*YOUR INSTRUCTIONS:* In the records below, the line with "IMAGE GALLERY: Harrogate" opens the range and the line with "Pdf manual for" closes it; print that range exactly and nothing else.

━━ DATA SECTION

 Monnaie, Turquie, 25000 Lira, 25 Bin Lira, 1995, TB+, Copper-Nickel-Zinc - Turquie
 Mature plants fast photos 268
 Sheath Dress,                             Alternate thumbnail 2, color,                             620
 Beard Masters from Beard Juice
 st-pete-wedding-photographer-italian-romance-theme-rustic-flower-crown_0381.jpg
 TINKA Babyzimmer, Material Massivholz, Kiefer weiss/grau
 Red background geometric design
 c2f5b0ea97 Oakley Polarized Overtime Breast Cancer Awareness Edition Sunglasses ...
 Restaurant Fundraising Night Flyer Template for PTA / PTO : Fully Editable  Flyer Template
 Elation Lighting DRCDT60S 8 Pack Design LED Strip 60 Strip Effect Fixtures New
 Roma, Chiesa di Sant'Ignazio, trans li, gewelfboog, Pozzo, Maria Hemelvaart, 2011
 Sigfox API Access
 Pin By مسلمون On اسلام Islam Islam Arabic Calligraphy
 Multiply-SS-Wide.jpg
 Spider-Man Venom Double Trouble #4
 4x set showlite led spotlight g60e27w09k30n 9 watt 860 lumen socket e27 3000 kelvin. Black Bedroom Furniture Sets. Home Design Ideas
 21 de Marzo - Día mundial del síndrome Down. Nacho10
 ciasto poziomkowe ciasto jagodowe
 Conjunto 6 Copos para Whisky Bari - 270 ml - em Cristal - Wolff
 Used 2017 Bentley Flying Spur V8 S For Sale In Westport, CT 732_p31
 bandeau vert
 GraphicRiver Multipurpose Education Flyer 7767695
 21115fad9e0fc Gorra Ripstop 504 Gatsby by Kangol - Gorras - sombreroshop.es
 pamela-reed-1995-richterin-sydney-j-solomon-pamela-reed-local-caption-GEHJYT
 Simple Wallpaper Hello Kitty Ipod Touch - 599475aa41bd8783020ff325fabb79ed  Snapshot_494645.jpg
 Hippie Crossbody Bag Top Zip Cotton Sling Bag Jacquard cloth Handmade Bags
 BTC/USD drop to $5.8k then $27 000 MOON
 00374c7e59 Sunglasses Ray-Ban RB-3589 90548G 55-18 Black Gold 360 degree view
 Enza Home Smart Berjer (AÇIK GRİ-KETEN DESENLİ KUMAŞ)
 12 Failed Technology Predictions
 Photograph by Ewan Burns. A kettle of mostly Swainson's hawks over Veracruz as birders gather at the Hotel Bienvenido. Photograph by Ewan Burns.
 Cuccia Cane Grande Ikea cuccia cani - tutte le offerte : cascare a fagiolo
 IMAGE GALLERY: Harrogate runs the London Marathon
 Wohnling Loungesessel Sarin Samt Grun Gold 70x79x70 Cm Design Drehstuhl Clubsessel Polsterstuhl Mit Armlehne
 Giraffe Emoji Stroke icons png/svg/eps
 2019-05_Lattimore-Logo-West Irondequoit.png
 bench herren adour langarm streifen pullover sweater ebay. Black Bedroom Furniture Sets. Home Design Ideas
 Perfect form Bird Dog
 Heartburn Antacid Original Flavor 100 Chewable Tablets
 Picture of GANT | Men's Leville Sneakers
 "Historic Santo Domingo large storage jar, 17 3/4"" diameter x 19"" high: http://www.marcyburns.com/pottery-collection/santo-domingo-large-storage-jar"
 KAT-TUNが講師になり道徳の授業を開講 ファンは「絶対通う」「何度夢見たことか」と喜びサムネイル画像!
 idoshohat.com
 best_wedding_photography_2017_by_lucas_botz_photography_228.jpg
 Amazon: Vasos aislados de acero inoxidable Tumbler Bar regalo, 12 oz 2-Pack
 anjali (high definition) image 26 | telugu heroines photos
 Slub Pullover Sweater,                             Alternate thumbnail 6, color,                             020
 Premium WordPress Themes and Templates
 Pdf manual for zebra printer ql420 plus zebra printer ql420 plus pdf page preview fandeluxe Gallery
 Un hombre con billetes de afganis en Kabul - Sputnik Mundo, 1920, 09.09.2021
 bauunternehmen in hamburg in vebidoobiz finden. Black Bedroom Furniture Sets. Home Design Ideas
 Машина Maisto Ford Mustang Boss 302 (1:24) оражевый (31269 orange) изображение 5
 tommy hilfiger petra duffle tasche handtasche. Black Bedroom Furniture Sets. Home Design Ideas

━━━━

*THE COMPLETED TASK:*
 IMAGE GALLERY: Harrogate runs the London Marathon
 Wohnling Loungesessel Sarin Samt Grun Gold 70x79x70 Cm Design Drehstuhl Clubsessel Polsterstuhl Mit Armlehne
 Giraffe Emoji Stroke icons png/svg/eps
 2019-05_Lattimore-Logo-West Irondequoit.png
 bench herren adour langarm streifen pullover sweater ebay. Black Bedroom Furniture Sets. Home Design Ideas
 Perfect form Bird Dog
 Heartburn Antacid Original Flavor 100 Chewable Tablets
 Picture of GANT | Men's Leville Sneakers
 "Historic Santo Domingo large storage jar, 17 3/4"" diameter x 19"" high: http://www.marcyburns.com/pottery-collection/santo-domingo-large-storage-jar"
 KAT-TUNが講師になり道徳の授業を開講 ファンは「絶対通う」「何度夢見たことか」と喜びサムネイル画像!
 idoshohat.com
 best_wedding_photography_2017_by_lucas_botz_photography_228.jpg
 Amazon: Vasos aislados de acero inoxidable Tumbler Bar regalo, 12 oz 2-Pack
 anjali (high definition) image 26 | telugu heroines photos
 Slub Pullover Sweater,                             Alternate thumbnail 6, color,                             020
 Premium WordPress Themes and Templates
 Pdf manual for zebra printer ql420 plus zebra printer ql420 plus pdf page preview fandeluxe Gallery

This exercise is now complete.